2..Os traços fundamentais e estruturantes da figura da cessão de créditos definida pelo art. 577º do CC, são: - a celebração de um acordo entre o credor e um terceiro, inserido num negócio - tipo que lhe serve de fonte ou causa (art. 578º do CC); …-consubstanciado num facto transmissivo da relação creditória , originando a substituição do credor originário pela pessoa do cessionário, mantendo-se inalterados os restantes elementos da relação obrigacional -que, nos seus elementos objectivos , permanece imutável; -a transmissibilidade do crédito a que o negócio de cessão se reporta.

2.Não pode qualificar-se como envolvendo uma cessão dos créditos ao reembolso de IVA o acordo, celebrado entre um banco e a empresa que seria titular de tais reembolsos, segundo o qual a disponibilização do crédito de que podia beneficiar a empresa ,no âmbito de contrato de abertura de crédito sob a forma de conta-corrente, dependia da documentação de tais pedidos de reembolso - apresentados à Administração Fiscal pela própria empresa, vinculando-se esta , no confronto do banco, a um «dever acessório» de dar ao devedor/ Administração Fiscal instruções tendentes a que todos os reembolsos de IVA viessem a ser creditados na respectiva conta de depósito à ordem, aí identificada, mantendo tal instrução sem alterações durante o período de vigência do contrato – e outorgando ao Banco autorização para retirar de tal conta as importâncias necessárias à liquidação da dívida ficando, deste modo ,os valores de reembolsos de IVA, ali depositados, especialmente afectos ao pagamento dos adiantamentos do crédito concedido.

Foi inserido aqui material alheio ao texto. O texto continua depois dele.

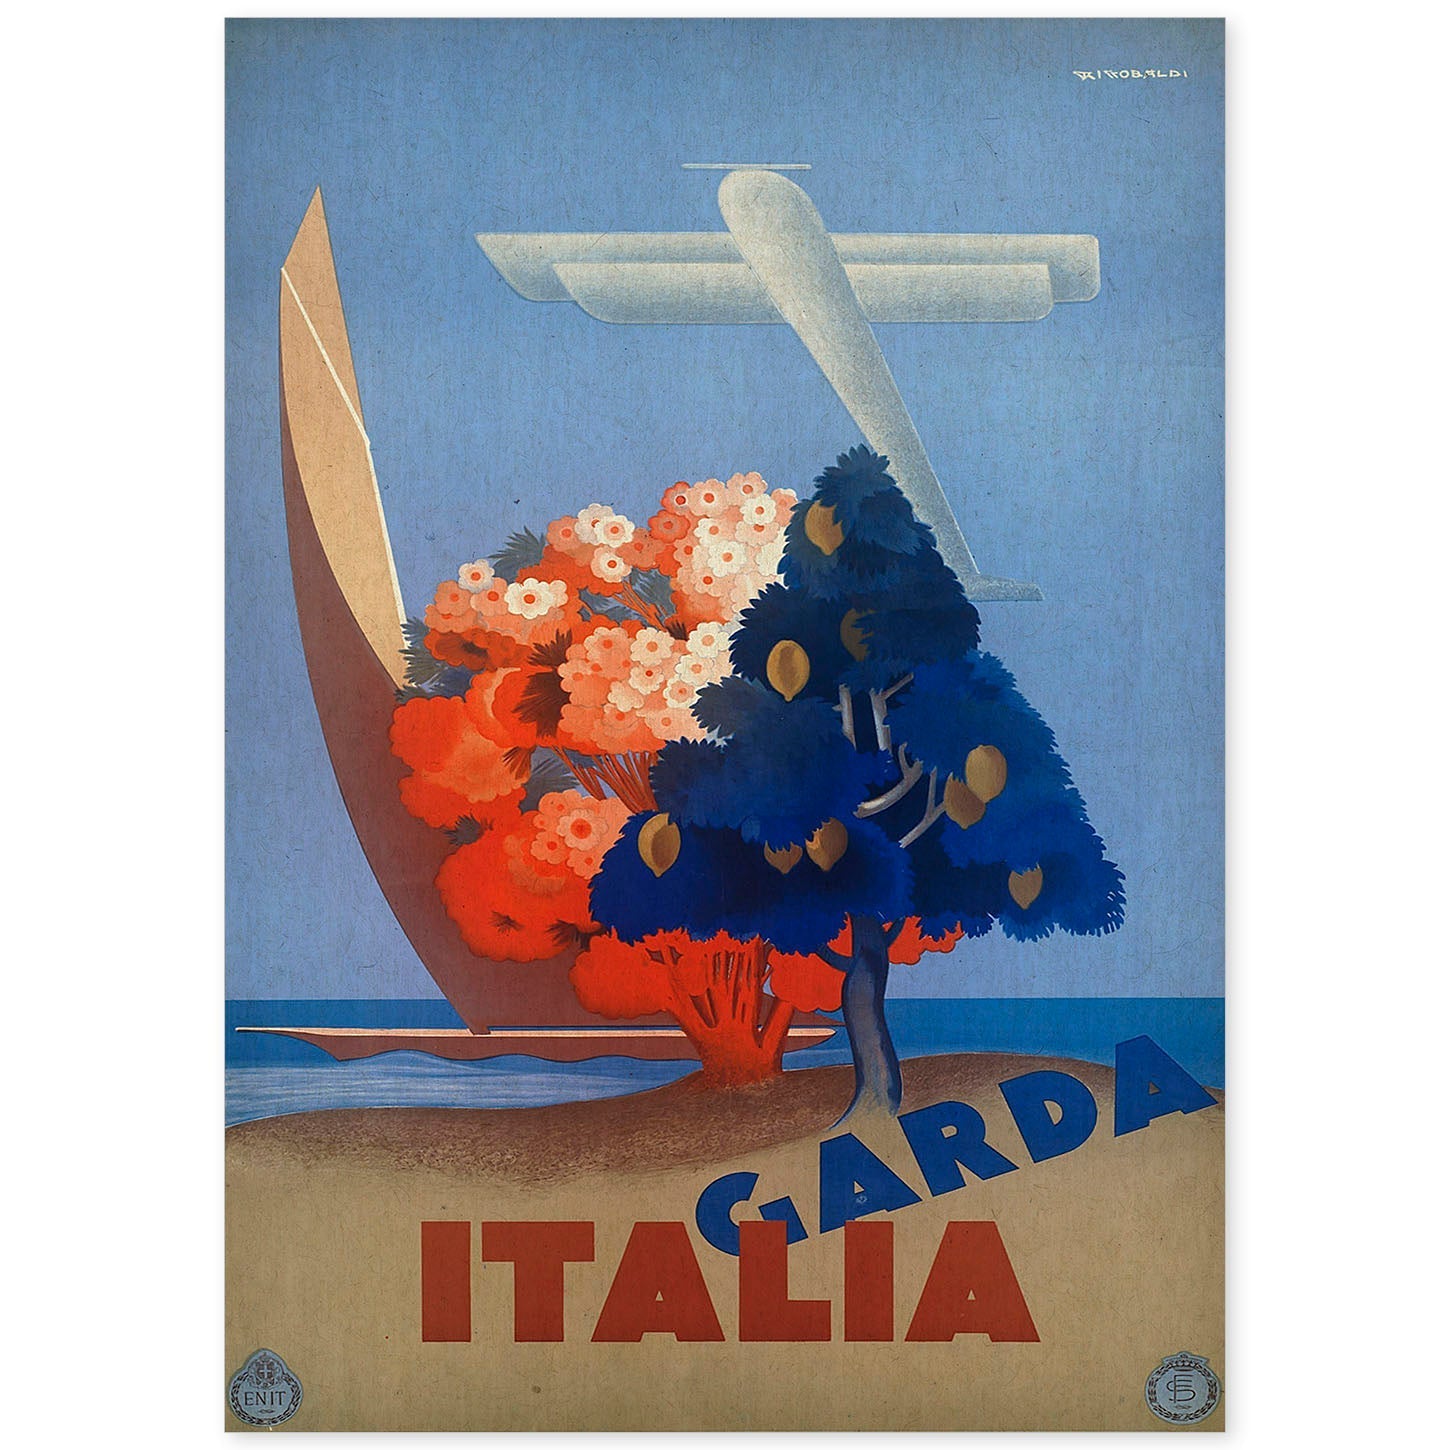 Poster vintage. Cartel vintage de Francia e Italia. Viaja a Grada.-Artwork-Nacnic-A4-Sin marco-Nacnic Estudio SL

3. Na verdade, inexiste em tal esquema contratual qualquer mecanismo de «transmissão»da relação creditória de reembolsos do IVA da empresa , entretanto declarada insolvente, para o Banco que permita configurá-lo como cessão de créditos, em qualquer das suas modalidades: tais créditos permaneceram sempre na titularidade jurídica do contribuinte ,na esfera jurídica deste, sendo a este satisfeitos pela Administração Fiscal, - e incidindo o direito outorgado ao Banco credor exclusivamente sobre o montante pecuniário já depositado na conta bancária de que é titular a empresa – e efectivando-se, portanto, apenas num momento em que o crédito aos reembolsos de IVA já se mostrava inelutavelmente extinto pelo pagamento.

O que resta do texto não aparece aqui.